A novel Tc17 population recruited by tumor cells promotes tumor progression in gastric cancer.

OBJECTIVE: The tumor microenvironment (TME) plays a crucial role in tumor progression. Recent advancements in single-cell sequencing technology have identified Tc17 cells, a newfound subset of CD8(+) T cells with a phenotype similar to Th17, within the gastric cancer (GC) microenvironment. However, the role of Tc17 cells are unclear. MATERIALS AND METHOD: We collected 296,879 cells from the single-cell sequencing data of 65 GC samples, along with spatial transcriptomic data from 10 GC samples, to further explore the role of Tc17 cells. Multicolor immunohistochemical staining demonstrated the presence of Tc17 cells in the GC TME. SCENIC analysis was performed to identify the specific transcription factors of Tc17. Pseudotime analysis of T cells was conducted to decipher the differentiation trajectory of Tc17. Additionally, cell-cell interaction analysis revealed the interactions between Tc17 cells and tumor cells. Finally, functional validation through CCK-8 proliferation assays, wound Healing assays, and transwell assays conclusively demonstrated the tumor-promoting effects of IL-17A and IL-26 on gastric tumor cells. RESULTS: Our results indicate that Tc17 cells are absent from blood and exclusively found in tissues, with greater enrichment in tumor tissues compared to normal tissues. Among CD8(+) T cells, Tc17 exhibits the weakest cytotoxic capacity and the highest anti-inflammatory profile, suggesting reduced tumor-killing ability. Pseudotime analysis revealed that Tc17 cells ultimately progress towards a state of exhaustion, losing their capacity to eliminate tumor cells.

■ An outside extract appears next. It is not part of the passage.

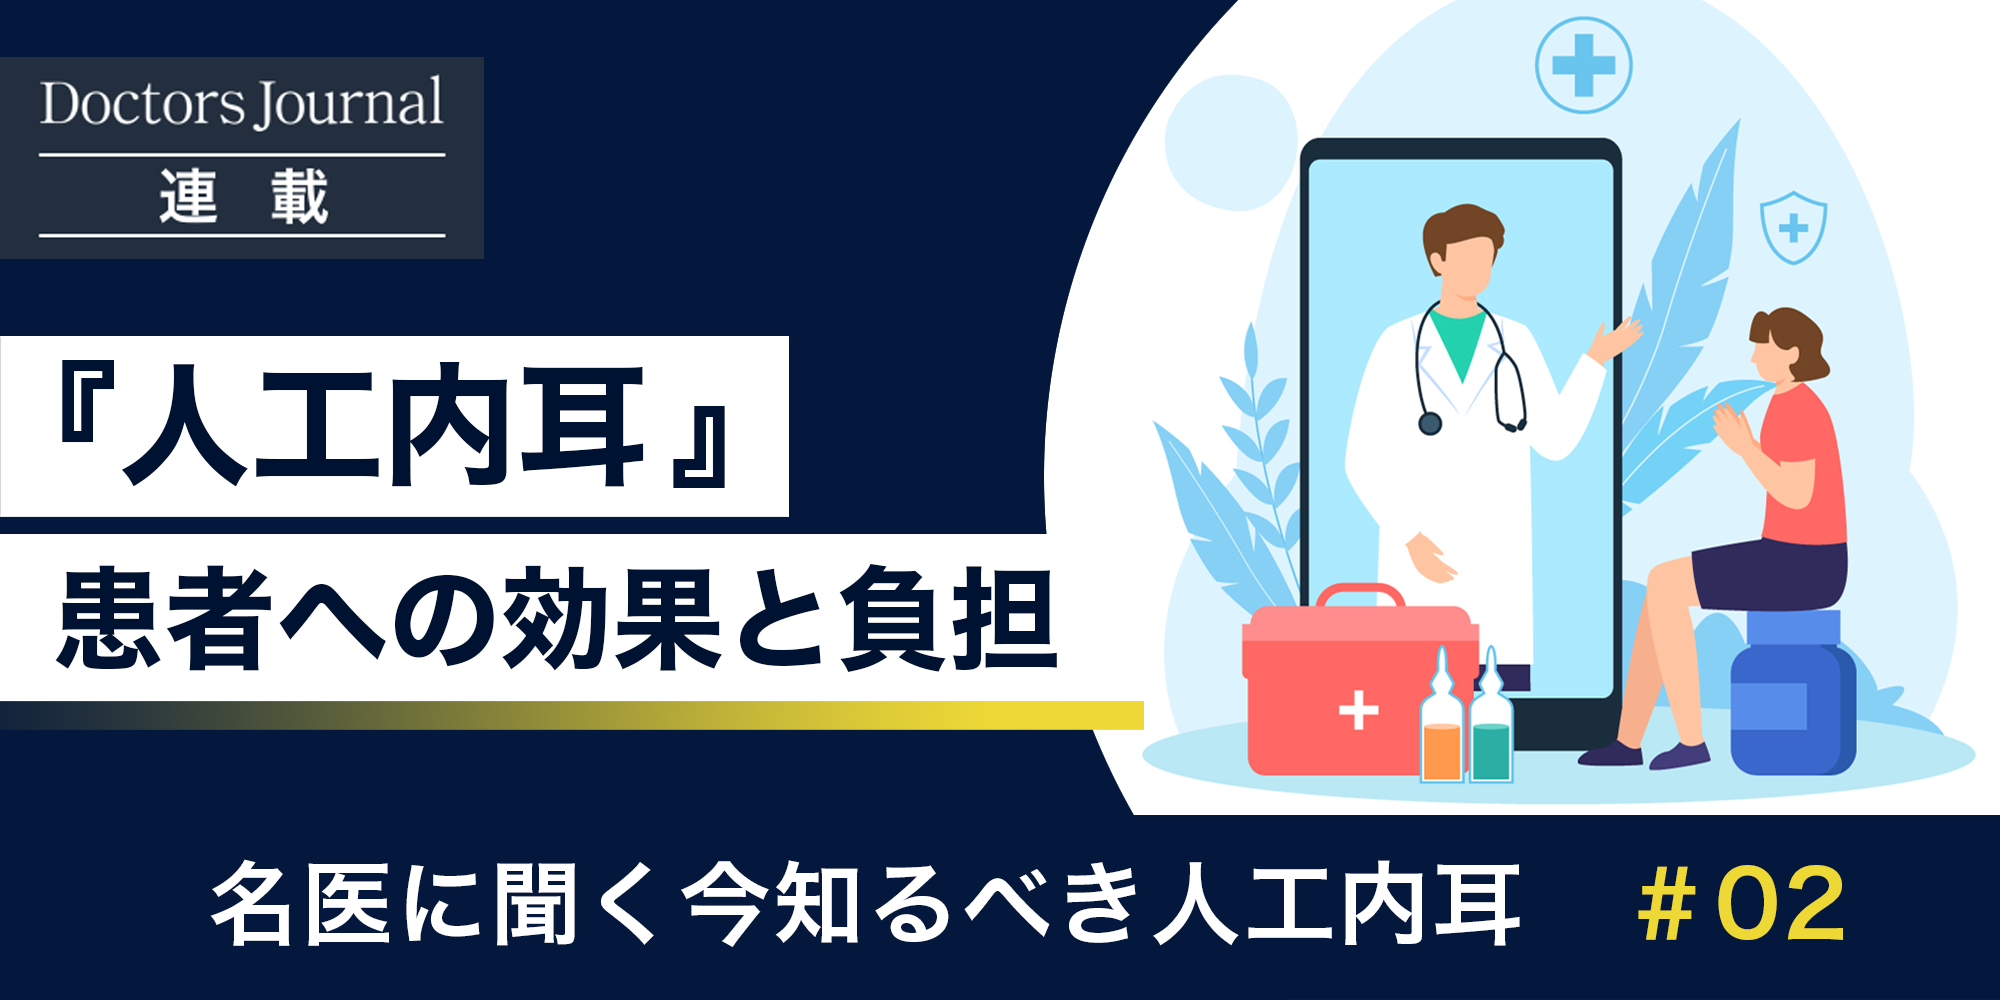 kumakawa doctor 2

Survival analysis further correlates the presence of Tc17 cells with poor prognosis. Notably, a robust interaction between Tc17 cells and tumor cells was observed in GC. We found that tumor cells can recruit Tc17 cells via the CXCL16-CXCR6 axis, this finding was validated on spatial transcriptome data. And in turn, Tc17 cells may promote tumor progression by secreting IL-17A and IL-26, as functionally corroborated by CCK-8 Assay, wound healing, and transwell assay in vitro. CONCLUSIONS: These findings reveal the immunosuppressive role of Tc17 cells in gastric cancer, provide a new perspective for understanding the immunosuppressive mechanism of the gastric cancer tumor microenvironment, and provide a potential target for the development of targeted therapeutic strategies.